IBM Patents Dividing The Number 60 By Your Car's Speed
from the divide-by-zero dept
theodp writes “”A billboard,” IBM explains to the USPTO in its newly granted patent for Determining Billboard Refresh Rate Based on Traffic Flow, “is a large outdoor advertisement.” Guess you have to pad your writing a bit when a cornerstone of your ‘invention’ is dividing the number 60 by the speed of a car (in mph). To be fair, Big Blue explains things this way in the patent: “A system for determining the refresh rate per minute of the dynamic billboard based on the traffic flow information, wherein the refresh rate is equal to 60 mph/V, wherein V is equal to an average velocity in miles per hour of vehicles passing the dynamic billboard. If the average velocity is 60 mph, the new refresh rate of the dynamic billboard is one refresh per minute (i.e., each advertisement is displayed for one minute), while if the average velocity is 10 mph, the new refresh rate of the dynamic billboard is six refreshes per minute (i.e., each advertisement is displayed for ten seconds).” Which begs a question: Will you see an infinite number of ads if traffic comes to a full stop?”
Comments on “IBM Patents Dividing The Number 60 By Your Car's Speed”
Wow they’re patenting a divide by zero error in the case of no traffic or a stand still. Awesome invention!
Ah yes...
…another patent based upon something any competent code monkey could throw together in about 5 minutes based upon the given criteria.
Re: Ah yes...
If it takes you 5 minutes to code this, you don’t even get to be a competent code monkey… 🙂
To be fair...
Patent examiners are apparently idiots. They spend, what?, about a day or two’s work on an average patent? And they approve *this?*
Seriously girls, you should be hanging your heads in shame:
Primary Examiner: Goins; Davetta W
Assistant Examiner: Lai; Anne V
That's neat but the new Microsoft Provisional Patent is better.

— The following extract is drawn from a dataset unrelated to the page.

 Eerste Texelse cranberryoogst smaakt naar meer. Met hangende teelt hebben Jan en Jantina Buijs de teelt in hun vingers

Right now, someone at Microsoft is filing a Me-Too provisional patent that “Embraces and Extends” the IBM discovery.
Not only will the billboard show rotating banner ads but it will also include photo-radar in the billboard. This is so Microsoft can report your license plate number to the authorities and various partner companies.
The logic is this: if you are speeding and they are unable to force-feed advertisements to you, they’ll look for the last time you used your Bing account. If you don’t have a Bing account, they’ll sell your picture, likeness and license plate information to advertisers, marketing companies, and your car insurance provider.

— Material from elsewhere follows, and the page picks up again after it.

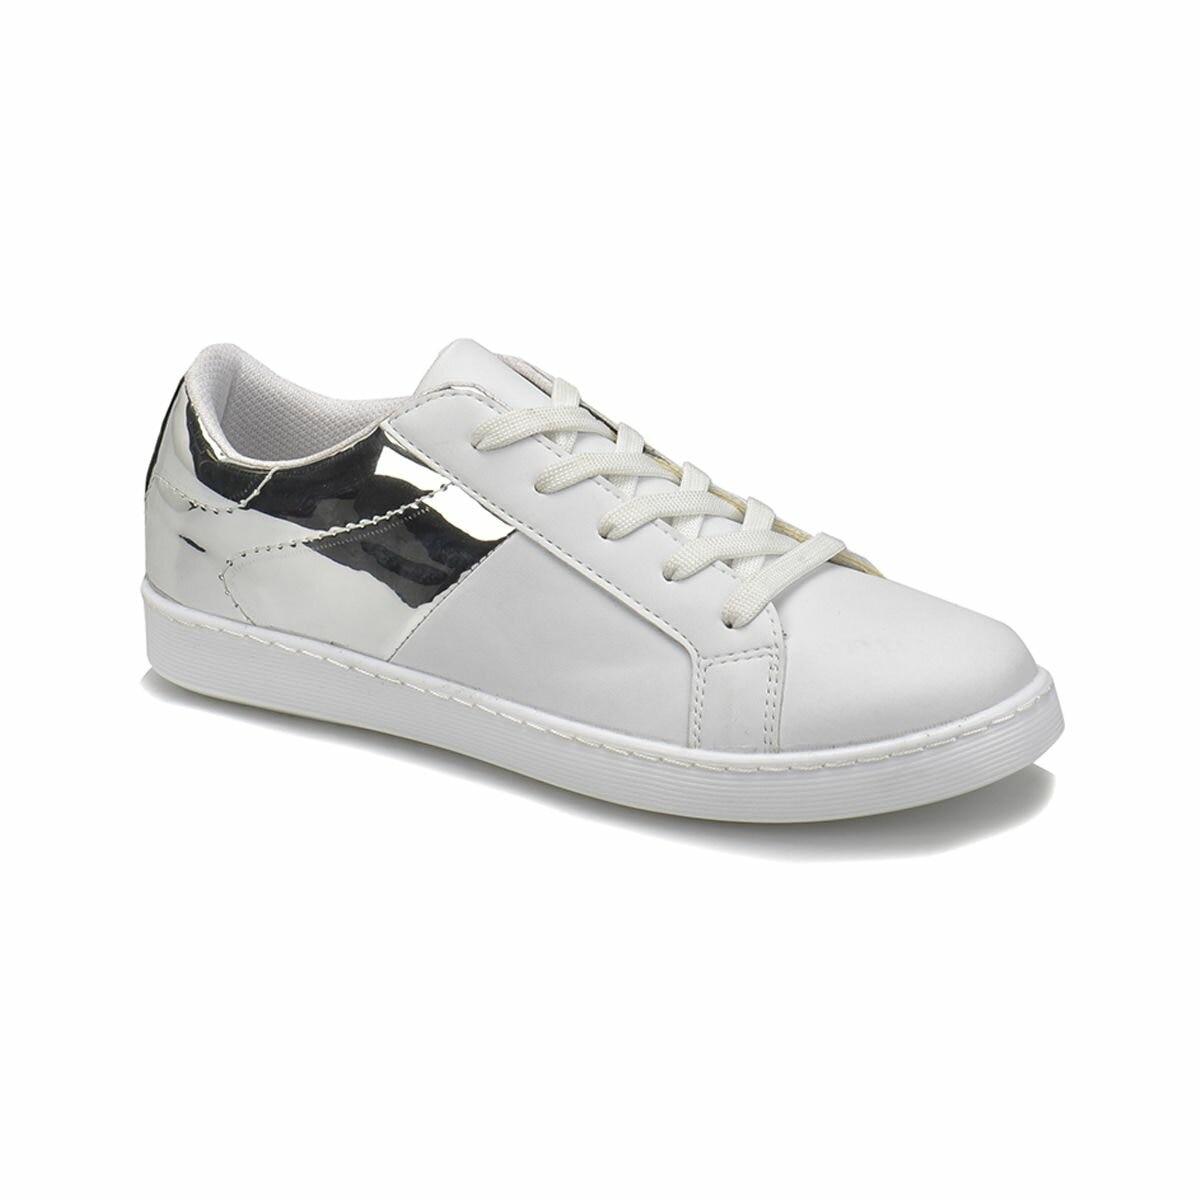 FLO U2206-18S White Women 'S Sneaker Shoes Art Bella

Can I get around the patent by dividing 59 by the average speed?
Re: Re:
Yes, or likely even by dividing 59.99999 by the average speed.
; P
Re: Re: Re:
But then you’d be sued by Intel.
Re: Re:
I don’t think so — see the doctrine of equivalents.

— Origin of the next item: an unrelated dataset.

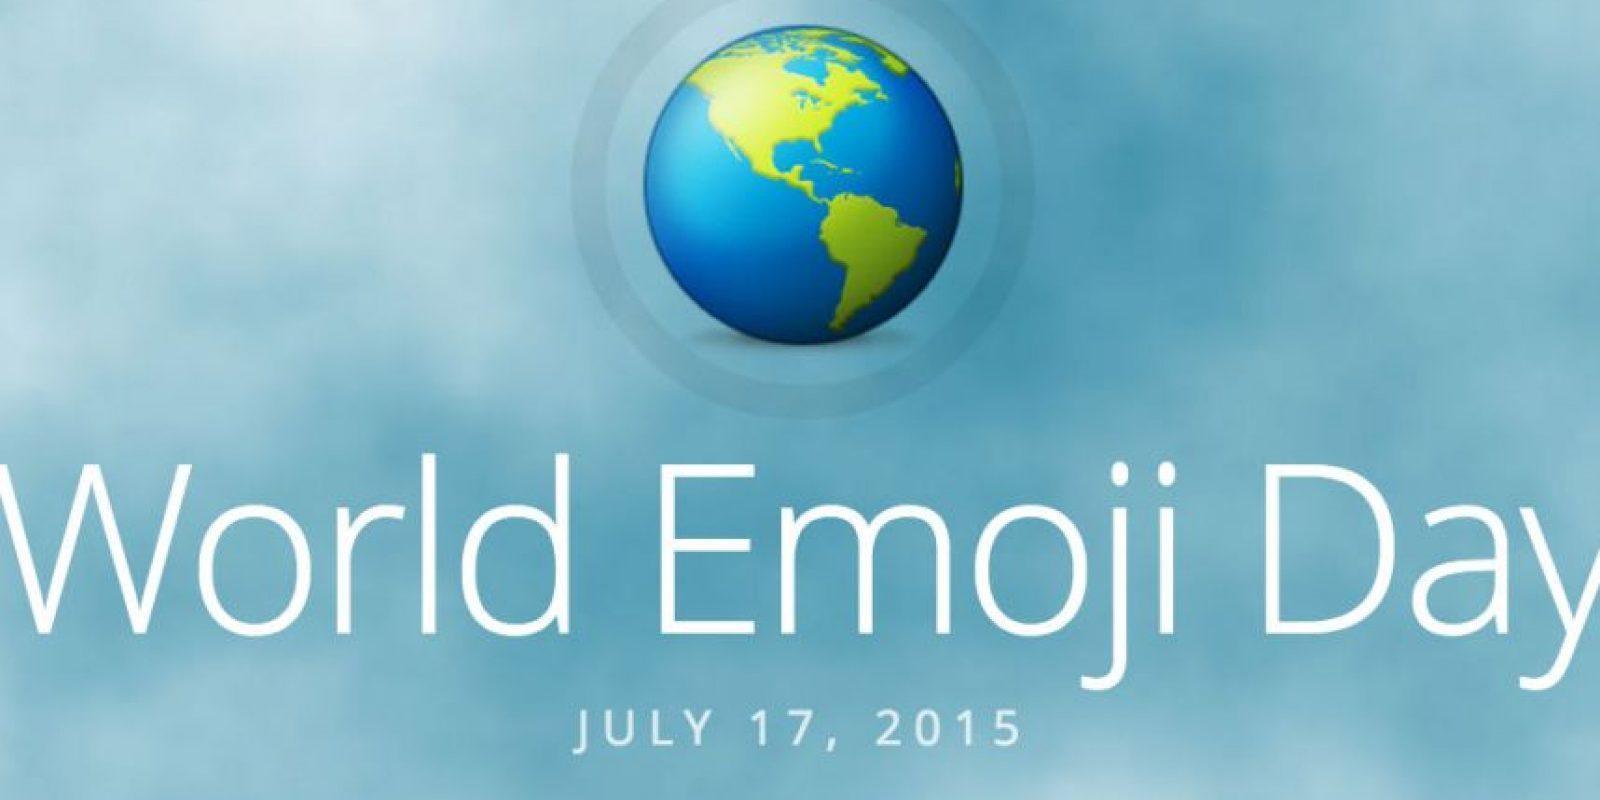 Hoy el mundo celebra el Día Mundial del Emoji Foto:worldemojiday.com/. Imagen Por:

We should patent dividing 63 by the speed because that is an octal magic threshold and everyone is probably speeding anyway.
Ridiculous
Isn’t “refresh rate” basically determined by efficiency vs quality? Why is this even patentable?
If instead they’re talking about when a new advertisement appears: dynamic billboards are allowed to change images only according to city code ordinances in which they reside. Too fast and flashy or too many, is a major distraction to drivers, which is dangerous! Don’t we have enough distracted driving already without some company patenting an optimization system to squeeze the most out of our driver’s attention?
Re: Ridiculous
“…dynamic billboards are allowed to change images only according to city code ordinances in which they reside.”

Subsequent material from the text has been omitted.